Successful Christian churches, ministries, businesses, and organizations are dependent upon people who are willing to serve. They thrive when people humble themselves to carry out whatever tasks need to be done. The high-powered lawyer and the struggling small business owner unite when they step into the church and serve shoulder-to-shoulder to brew the coffee and mop the floors. Their actions prove them to be leaders in godly character.
We need this kind of leadership, this leading by doing. No church or other organization can last long without it. We are right to honor those who exemplify it.
But there is another kind of leadership that is equally important, though far less common. For a church or other organization to be successful, it needs doers, but it also needs delegators. It needs people whose first instinct is to do and people whose first instinct is to delegate. These are very different skills or traits of character and a thriving organization depends upon a healthy balance of both.

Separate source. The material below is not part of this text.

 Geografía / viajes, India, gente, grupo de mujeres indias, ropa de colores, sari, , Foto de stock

Many ministries within the local church fail to thrive or even collapse altogether because the leader of that ministry is an eager doer but reluctant delegator. When there is a difficult situation or when a key person fails to show up, her first instinct is to just do the task herself. This may be a godly instinct born from a desire to serve, but it may actually prove unhelpful in the short-term and harmful in the long. The far better approach may be to delegate the task to someone else. The leader of a Christian organization may see a problem and respond by addressing it himself. It’s a mark of humility to joyfully scrub a toilet or empty the trash. But it may also be the mark of a person who is reluctant to lead or afraid to exercise authority. Doing rather than delegating may not be quite as noble as it at first appears.
Our churches need loads of doers, people who are willing to do what needs to be done, regardless of whether that task is high or low, visible or unseen. In fact, every Christian should approach every area of life with a deep desire and willingness to do. No task is too low for one who has been saved by the one “who, though he was in the form of God, did not count equality with God a thing to be grasped, but emptied himself, by taking the form of a servant, being born in the likeness of men. And being found in human form, he humbled himself by becoming obedient to the point of death, even death on a cross” (Philippians 2:6-8).

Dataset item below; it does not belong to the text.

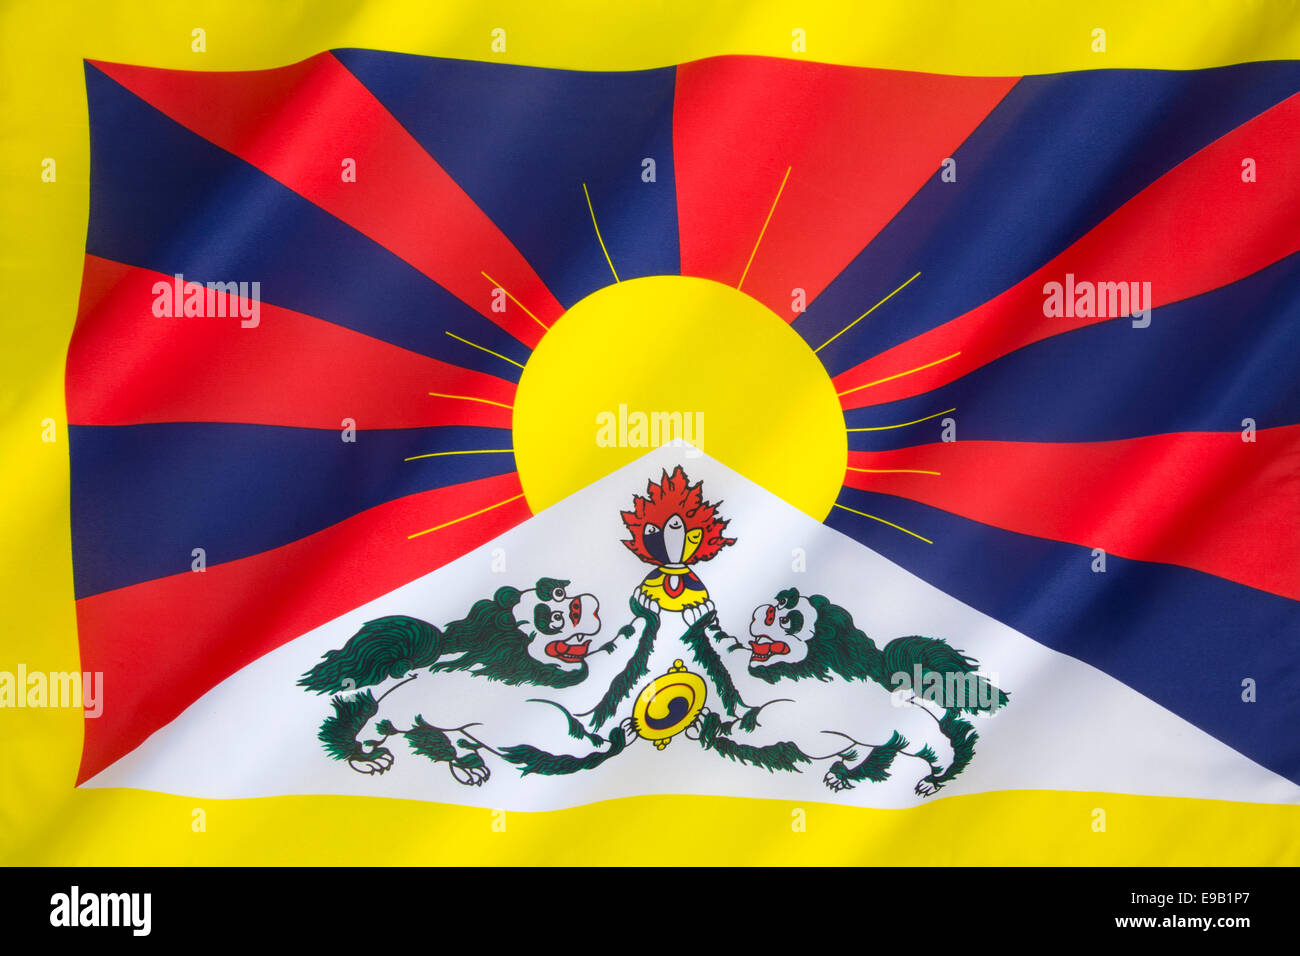 Le drapeau du Tibet - lion des neiges - Drapeau Drapeau Tibet libre Banque D'Images

Yet our churches also need their share of delegators, people who are willing to do, but who have learned to delegate. The way they serve their church best is not to do what needs to be done, but to delegate those tasks to others. The way they serve their church is to ensure the task is being carried out by the appropriate person. Their godliness is expressed in accepting and exercising the authority of leadership with its delegating power. These are the people whose ministries tend to grow and to thrive.
If you are called to lead, you need to display godly character in your acts of service. Go low! Serve God by serving others! But understand that you can only lead skillfully and successfully if you are willing to delegate. Sometimes the way to do is to delegate.